Just to clarify: all this is based on the idea that she made it to the island, as you said. I'm not 100% convinced that she did myself, considering that being at sea is probably the easiest way to disappear someone.
 
  • #1,435
No, you are deliberately trying to misquote me, and you'll be called out every time you try to do that.
They receive a higher degree of male attention than at home, maybe even much more depending on the region.
This is not breaking news. And again, caucasian people are very much in the minority out there, as we know.
I agree with you. I am going to take a big leap here, you may or may not agree with where I'm going.
I think the point is that in the "adult entertainment" world, in, general, white women have the highest perceived value, get the most clicks. I’m not saying that's ok.
The photo of Amy or her doppelganger was used on an "adult vacation" website. What better proof Amy was attractive enough to be recruited?
 
  • #1,436
Let's not forget too, that when Bradley thought he heard Amy call his name, he was in an area of ill repute which has a reputation for this sort of thing, and he was told about this place by locals. The angle that Curacao doesnt have this underbelly is stopped dead right there.
I am not sure what you are responding to. I have pointed out that Curaçao does have an active sex trade, making use of women mostly migrants. I have provided links, even.
 
  • #1,437
Based on all the so-called sightings, AB was somehow in a brothel, on a beach, in a bar bathroom, and asking a taxi driver for help, all while never managing to actually get help or be found. It’s like everyone saw just enough to make a dramatic story, but not enough to make a difference. At some point, it stops sounding like evidence and starts sounding like imagination. You can’t be everywhere and nowhere at the same time. I believe she went overboard from the family’s cabin balcony that morning. But if something else did happen to her, the hard truth is she likely didn’t survive more than 24 to 48 hours. imo
Imagine being a kidnap victim and finally seeing a taxi while having the freedom to speak to the taxi driver. What is the most likely thing a kidnap victim would do:
  • ask for a phone, or
  • jump into the taxi and request emergency help?

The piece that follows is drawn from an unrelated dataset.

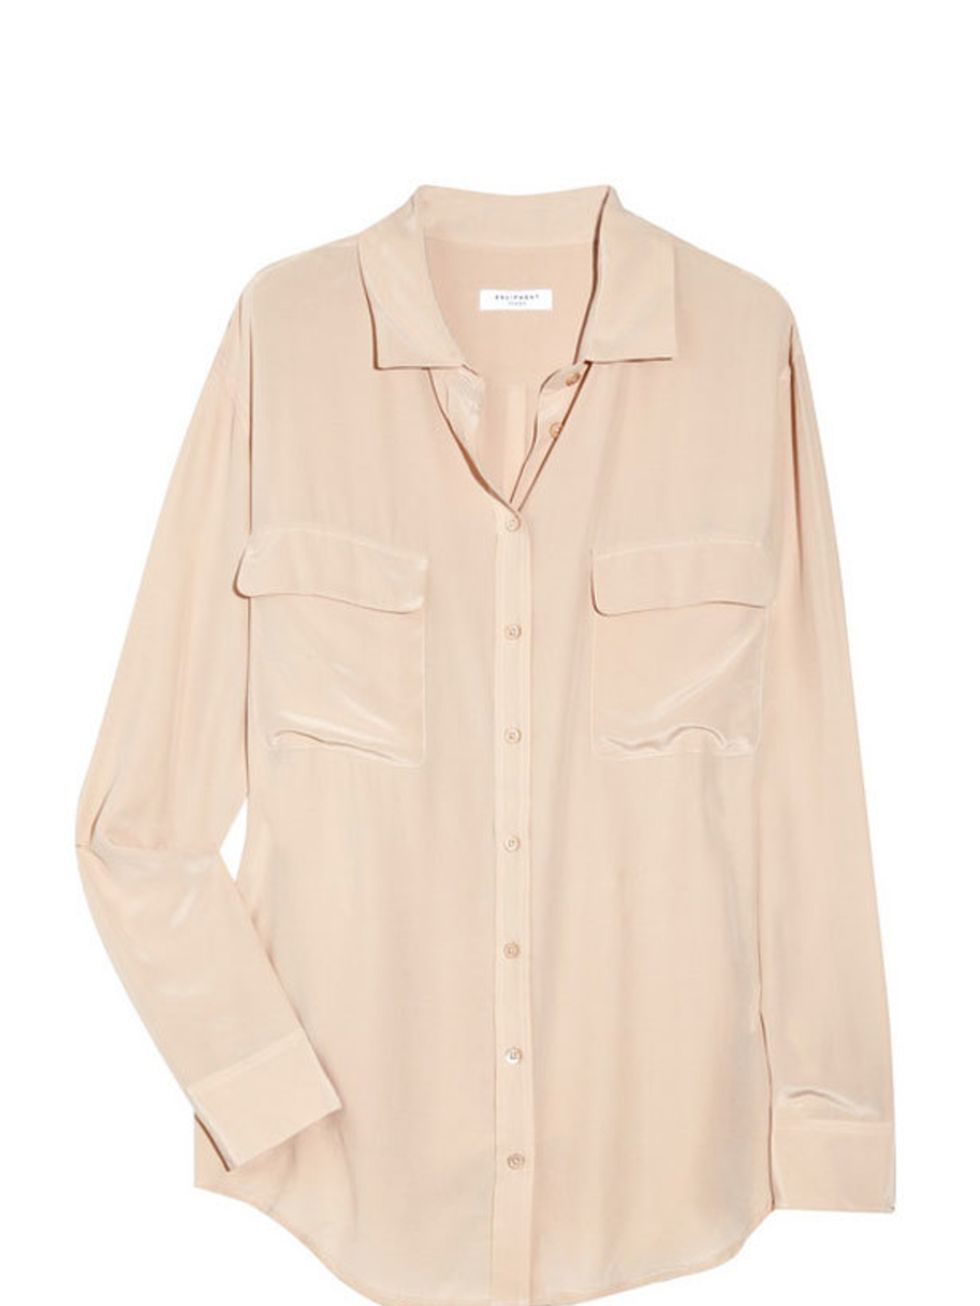 <p>This season heralds the long-awaited return of 1970s shirt label, Equipment. This timeless, luxe silk blouse will add a sexy, androgynous edge to your wardrobe. Equipment silk pocket shirt, £145, at <a href="http://www.net-a-porter.com/intl/product/101

Definitely imagination to choose option one.
 
  • #1,438
You dont think that a girl from a Spanish family that migrated decades ago, that knows the area, knows locals, knows what time to be inside, is going to be a harder target than a foreigner who knows nothing about the area?
I think that a girl from a Spanish family in Venezuela trying to escape the collapse of her country, going to a seemingly familiar island next door, could easily find herself in lots of trouble.
I agree with you. I am going to take a big leap here, you may or may not agree with where I'm going.
I think the point is that in the "adult entertainment" world, in, general, white women have the highest perceived value, get the most clicks. I’m not saying that's ok.
The photo of Amy or her doppelganger was used on an "adult vacation" website. What better proof Amy was attractive enough to be recruited?
What proof is there that the person there _was_ abducted? Why couldn't she simply have been desperate?
 
  • #1,439
What proof is there that the person there _was_ abducted? Why couldn't she simply have been desperate?
Even if the woman was desperate, she was attractive to pimps. We have both agreed Amy could have quickly become desperate.
 
  • #1,440
And a middle-class girl from suburbia could find herself in trouble even easier still. And quite often does.